どんな逆境でも生き延びるために必要なこと山本圭一

「50点」の意味

私の移住は成功なのか失敗なのか。

点数をつけるなら、50点といったところだろうか。成功でも失敗でもなく。

「移住観」はいろいろだ。居ついたところでずっと暮らすのが、移住の本来の在り方だと思う人も多い。私も当初はそのように思っていた。

しかし私は、移住した土地を出ていこうと考えている。この地で、私はたしかに貴重な経験をたくさんした。でも、それにしがみつきたくはない。目標を見失った抜け殻のまま生きていくぐらいなら、リスクがあっても、新天地、新事業で挑戦したい。それは私の存在証明なのかもしれない。

 

そして私は幸いにも、また別の地、新たな目標へと向かって進むチャンスを得た。だから50点。進むことも戻ることもできずに停滞するのではなく、前進することができたのだから。

私の移住した三陸沿岸部は、自然が豊かで、仕事も選ばなければそれなりにある。のんびりと生きていくには、とてもよい場所だ。しかし、今の私には、ここで生きていく意味を見つけることができない。隠居生活のような日々を送るのはまだ早い。そう思った瞬間から、心はもう別の場所へと向かっていた。
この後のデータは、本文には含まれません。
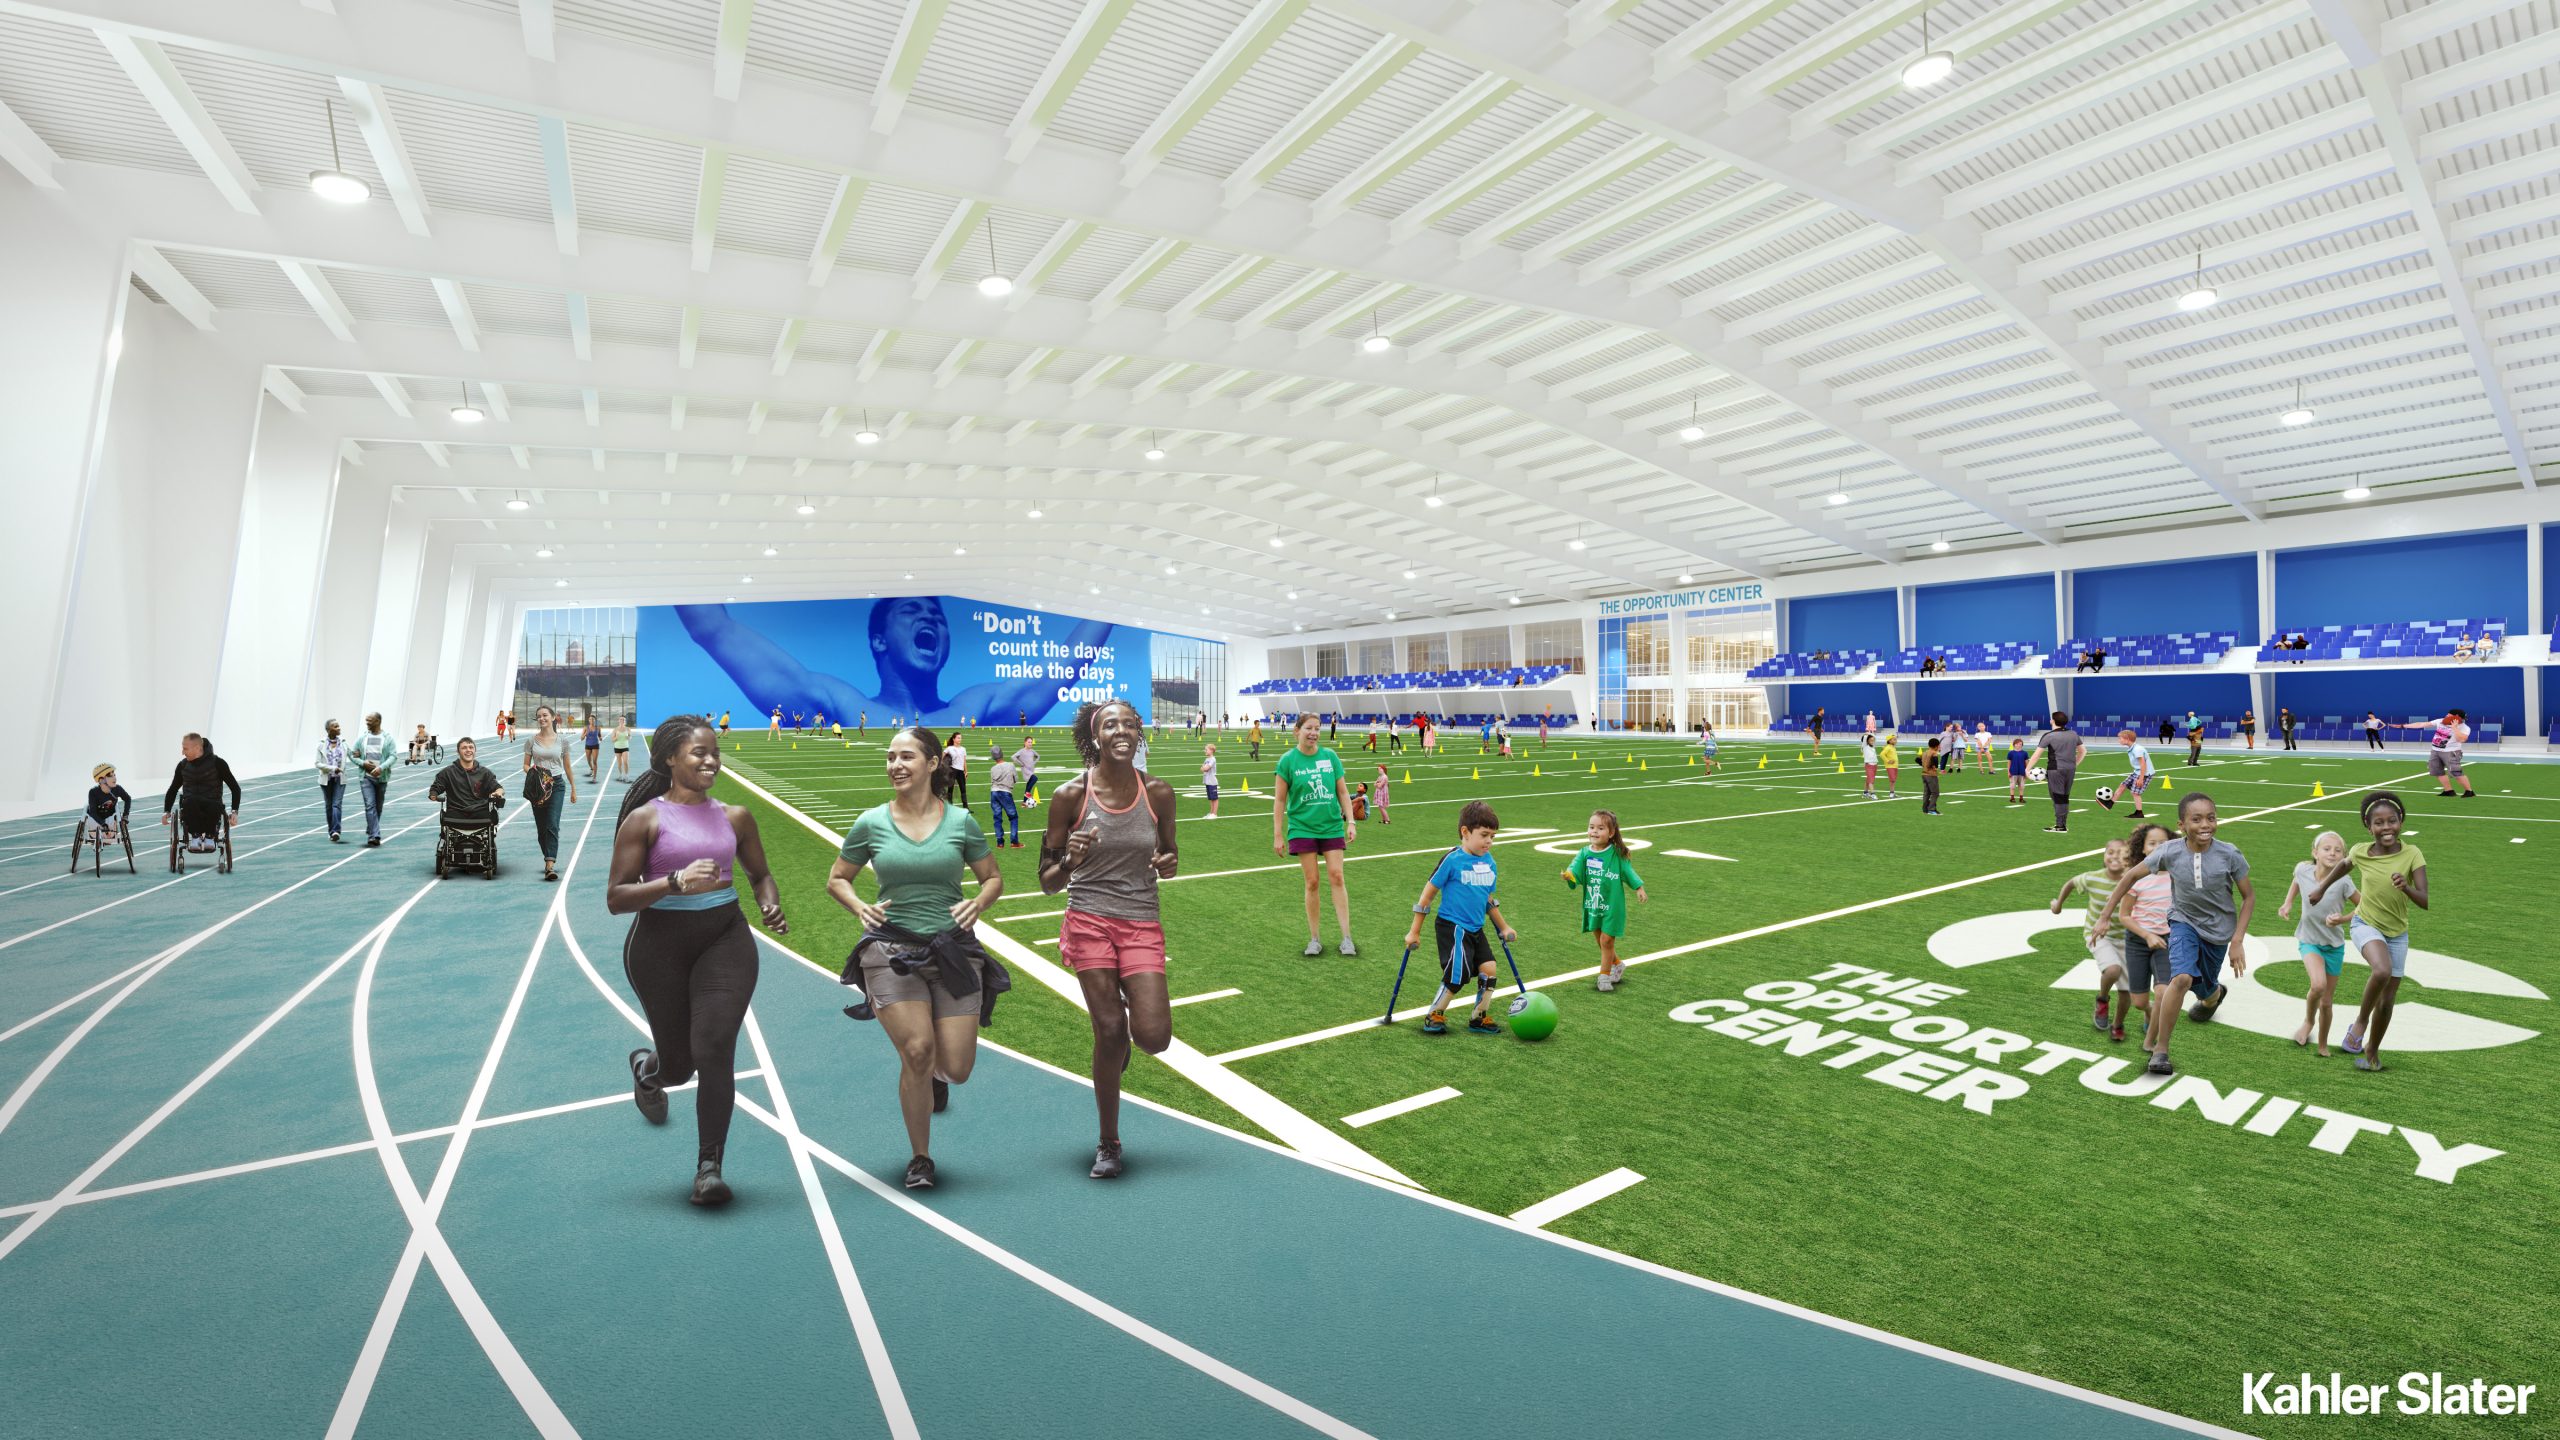 The Opportunity Center track and field facility. Rendering by Kahler Slater.

この3年で2軒の小屋を建てた。僕の力だけで建てた家。台風にも何とか耐えた。

生きる「理由」があればサバイバルできる

この連載では、移住先で生き延びてきた私の考えや経験を、「サバイバル」というテーマでお伝えしてきた。

当初私は、移住したら、そこで最後まで粘り強く生きていくことが正道だと考えていた。しかし移住生活を続ける中で、無目的に生活するのでなく、何かの目標に向かってノビノビと生きていくことが、私にとっての移住なのではないかと思うようになった。

つまり必要なのは、ここで生きていくための「理由」。移住した当初は、漁業に挑戦したり、町おこしのイベントを主催したりと、生きる理由が明確にあった。しかし今はない。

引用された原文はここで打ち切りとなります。